Потом поехали на “Щукинскую”. Возле своего подъезда Лена потянула Виктора на скамью.

– Ты такая… – зашептал, опять припадая.

– Какая?

– Варенье… Вареньевая…

– И какое я варенье?

– Не знаю. Может быть, вишневое?

Открылся подъезд, Костя, насвистывая, прошел с Радаром на поводке, их не замечая. Овчарка мазнула опытным глазом, но ухом не повела и с гавканьем повлекла хозяина вдаль.

– Уже лучше? – спросил Виктор, на миг вынырнув из поцелуя.

– Чего?

– Я уже лучше?

До Лены он целовался мало. В Нововятске несколько раз с испорченной одноклассницей Кривошеиной. В общаге с захмелевшей бабой-сторожем: впилась в него на минуту в коридоре, и разошлись. Воображая Лену, он даже пытался отрепетировать поцелуй, подносил к губам кулак и мусолил долго и насколько мог страстно, но ощущал себя медведем, сосущим лапу.

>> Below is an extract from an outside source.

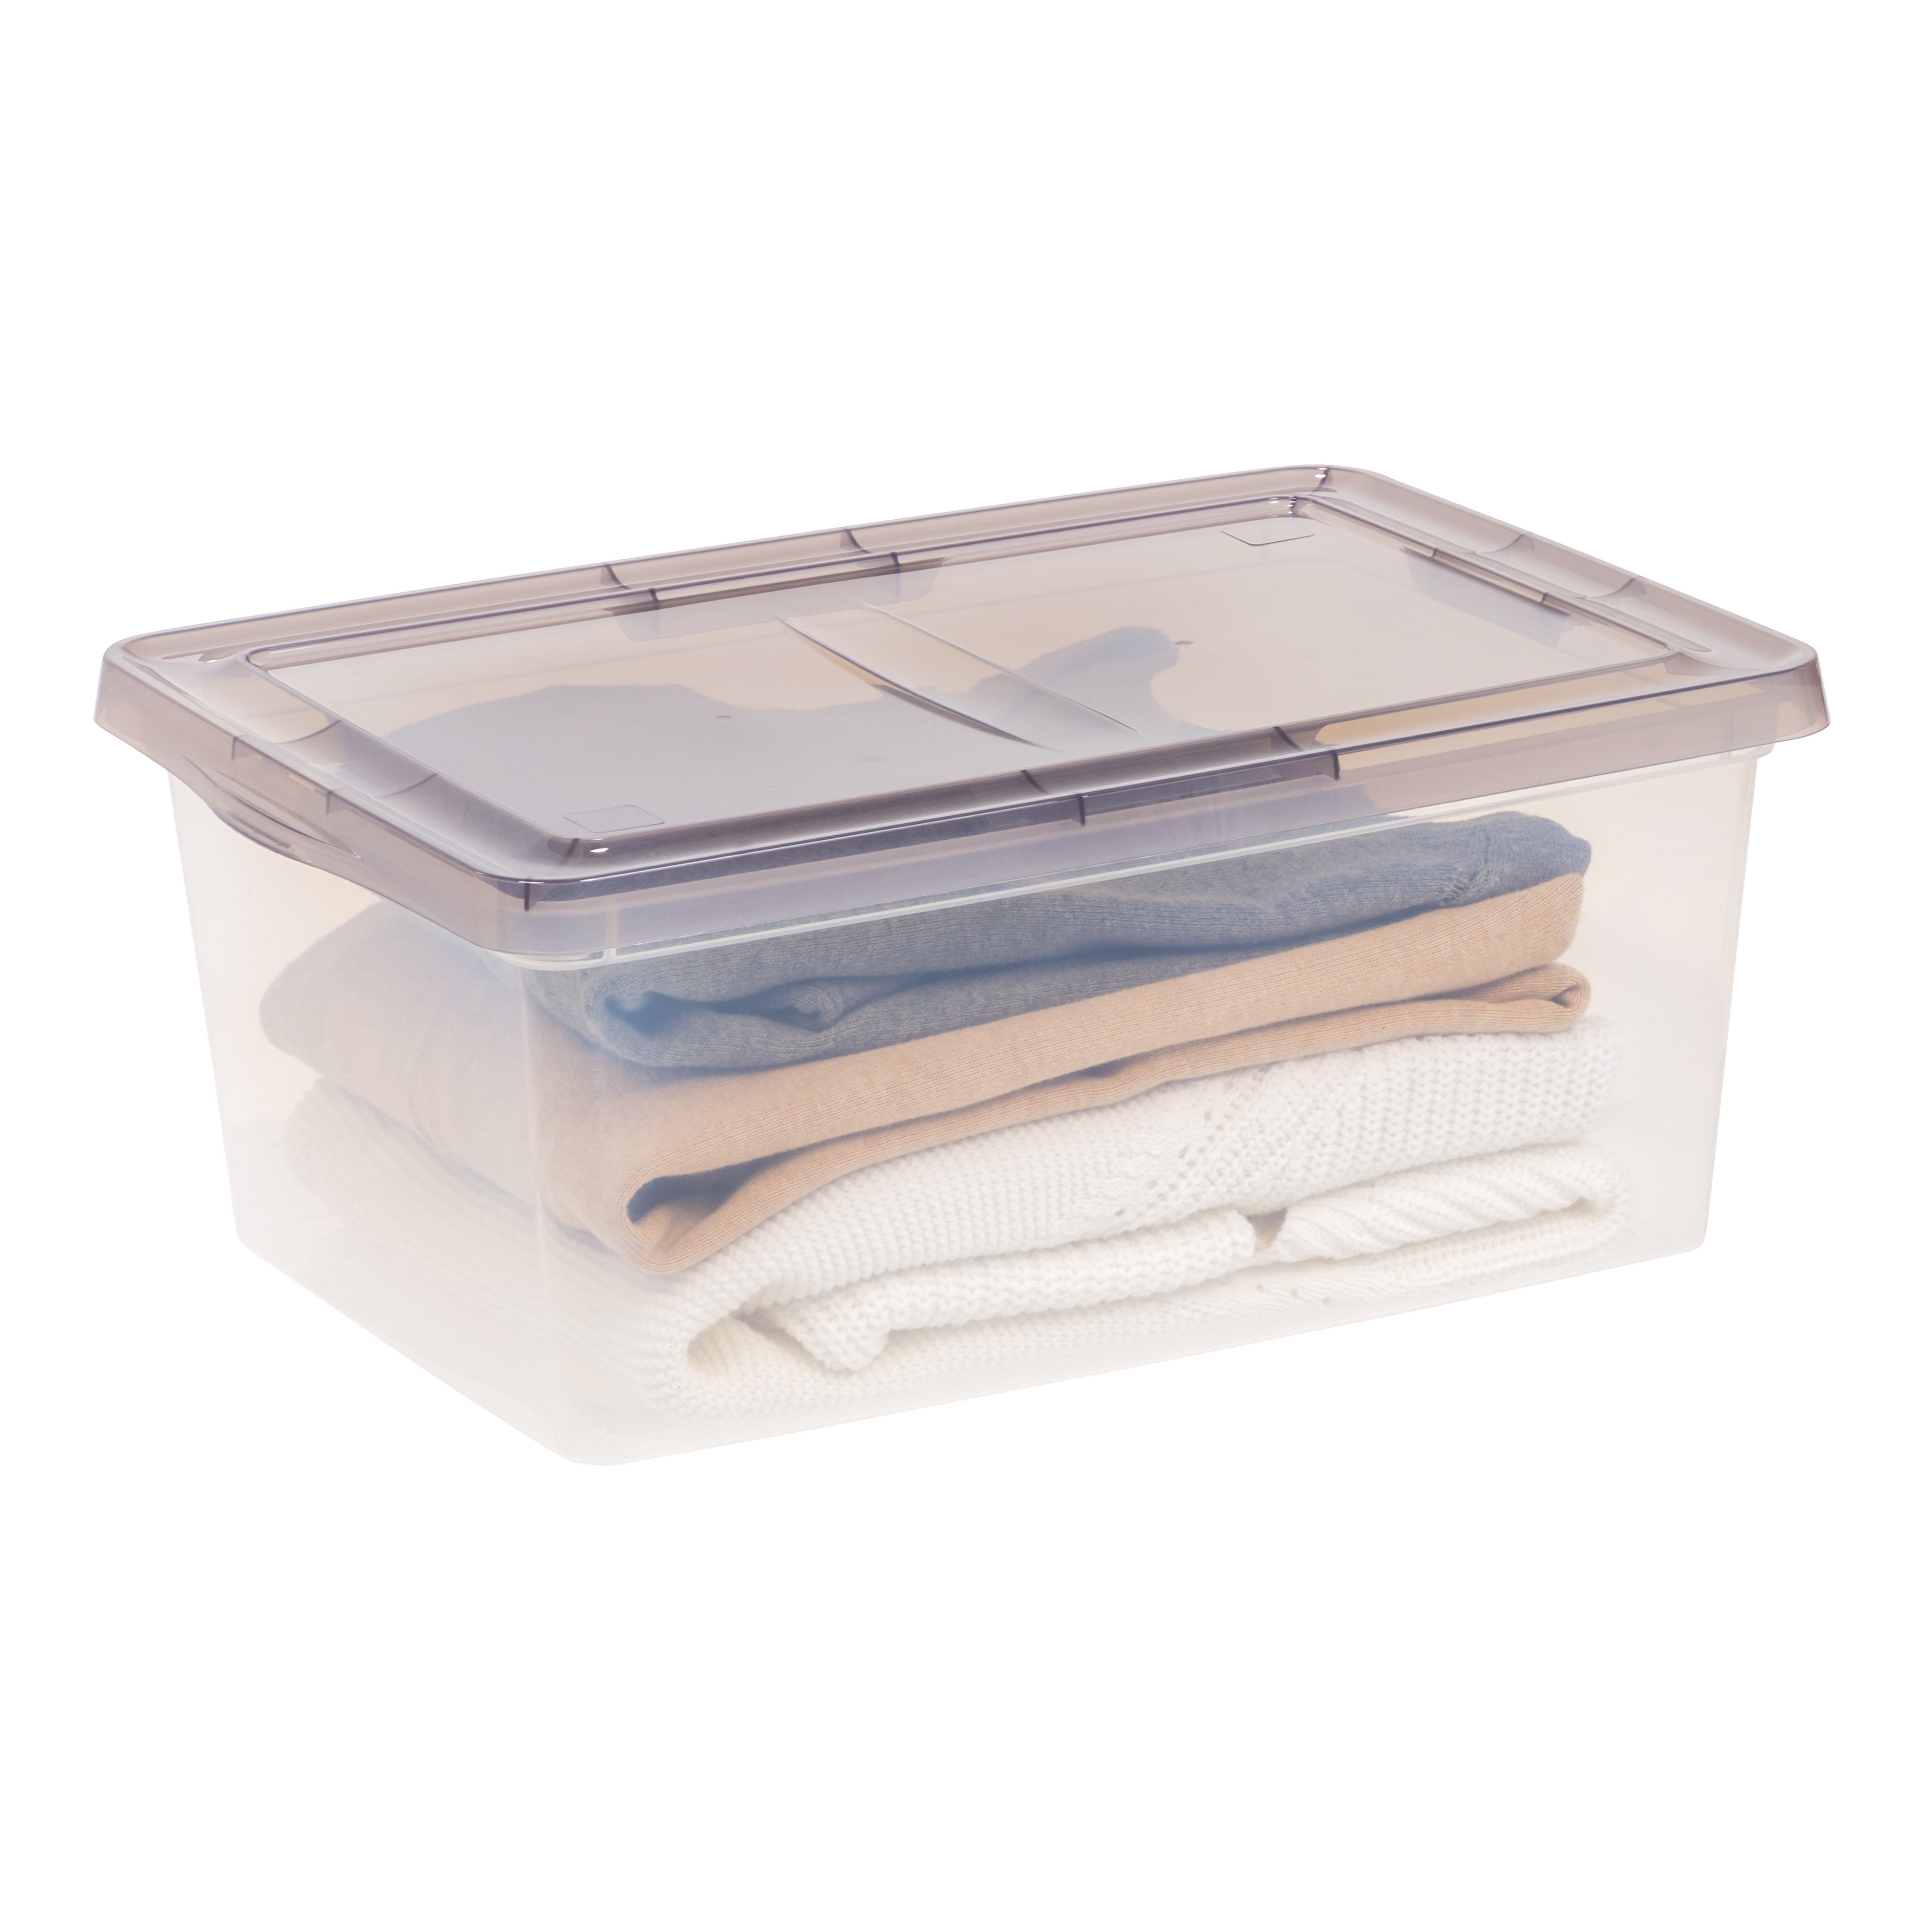 Small Plastic Boxes with Lids - Made in USA Quality!

– Странный ты человек, Витя. И зачем я с тобой связалась? Но ты не подумай, я не какая-нибудь легкомысленная!

– Можно к тебе в гости?

– Не можно! Будешь меня злить – больше не увидимся. Засиделась я с тобой, спать хочу. – Лена взметнулась, подбежала к подъезду, крикнула: – Чао какао! – и хлопнула дверью.

Виктор не мог встать, придавленный блаженным безволием. Он еще час сидел в темноте и ни о чем не думал. Несколько раз сжимал кулак, подносил к губам, лизал, и вспоминались лакомые поцелуи с этой чудесной девушкой.

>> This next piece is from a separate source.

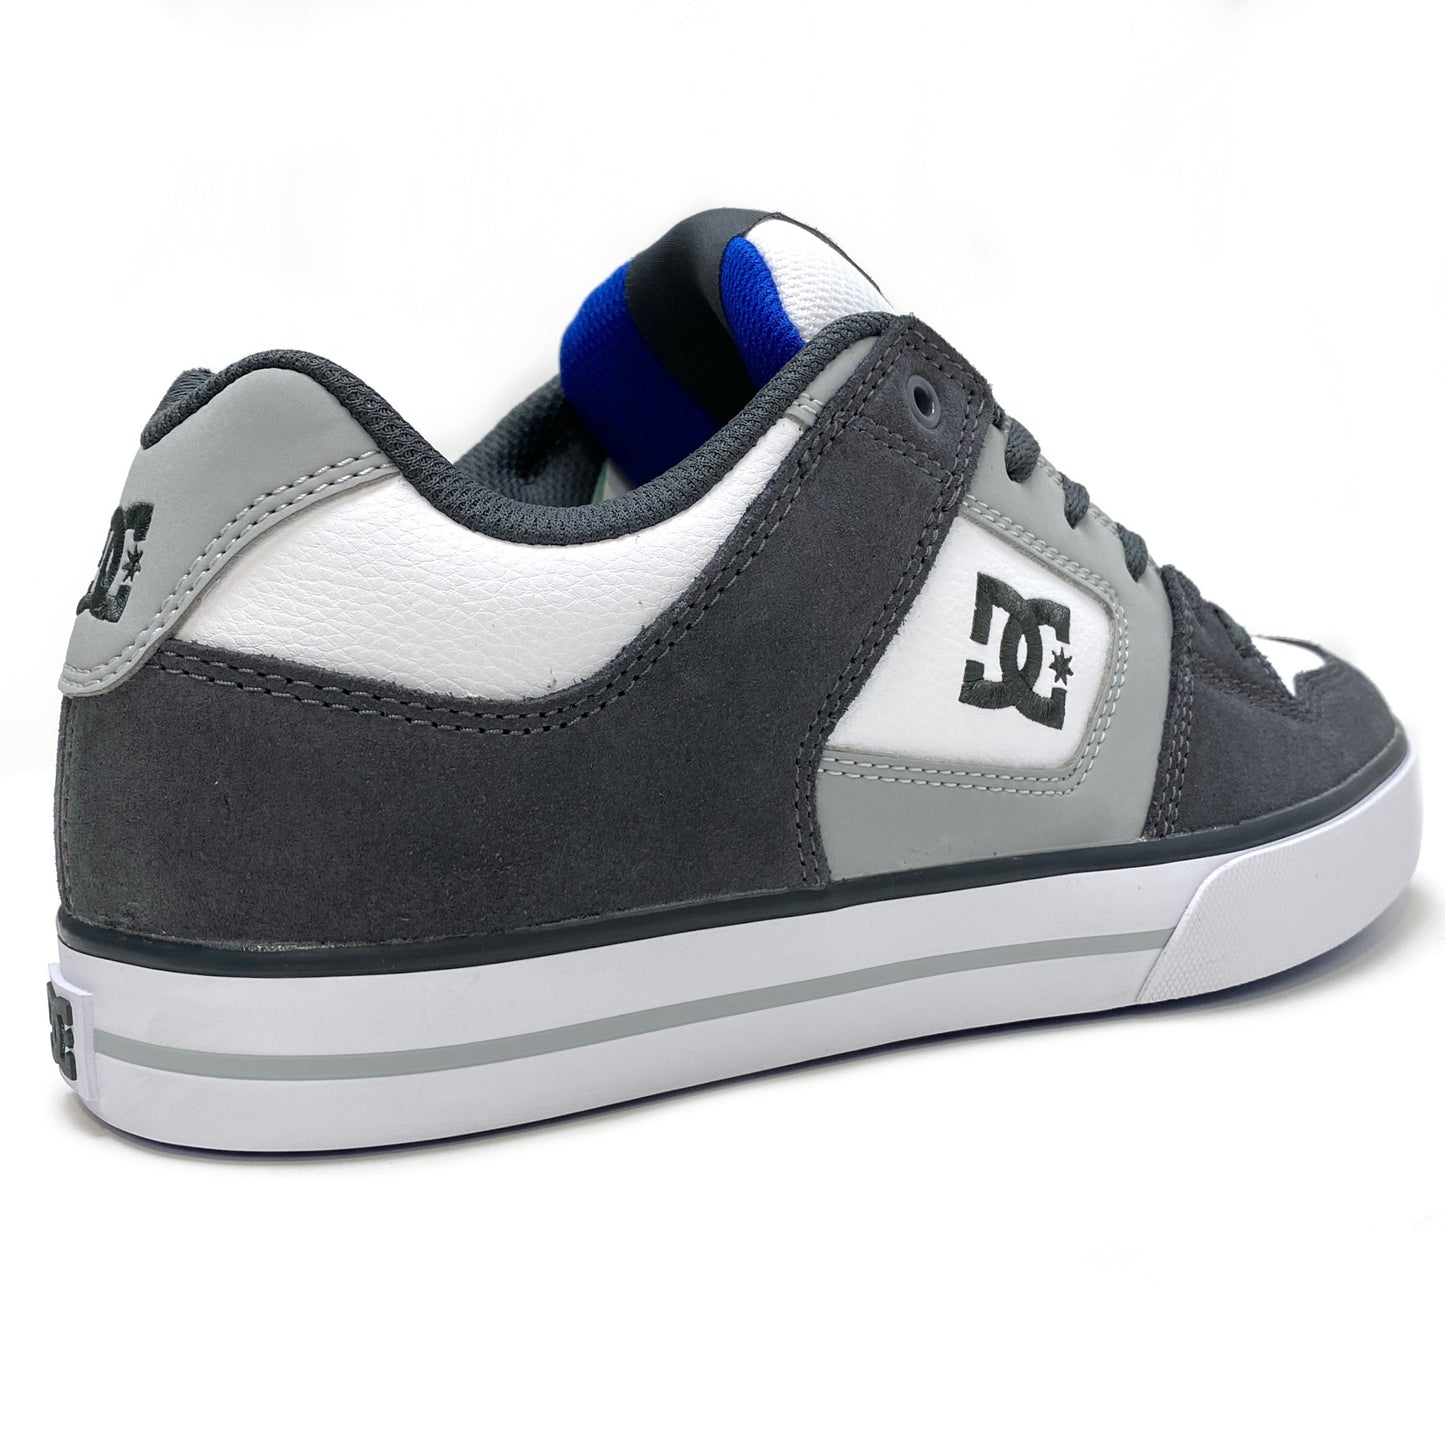 DC SHOES PURE GREY WHITE & BLUE TRAINERS (UK 8 EUR 42)

Он продолжал звонить ей каждый вечер и вскоре приподнято сообщил:

– А у меня проект открылся. Сходим – посмотришь? Я на такси!

Заехал за ней субботним утром. Он был вновь одет в серый костюм, но с ослепительным изумрудным галстуком.

– Останови, – сказал таксисту на мосту.

Вылезли над рекой, слева в окружении заборчиков торчало геометрически странное, словно поставленное инопланетянами, бетонное возвышение. Вокруг были башенные краны и уложенные высокими стопками плиты мрамора и гранита.

– Строят Дом Советов! – сказал Виктор торжественно. – Поняла? Большой будет дом. Белый дворец будет.

Он подал ей руку. Молча повел ее мимо серой книжки здания СЭВ. Перешли на другую сторону Калининского.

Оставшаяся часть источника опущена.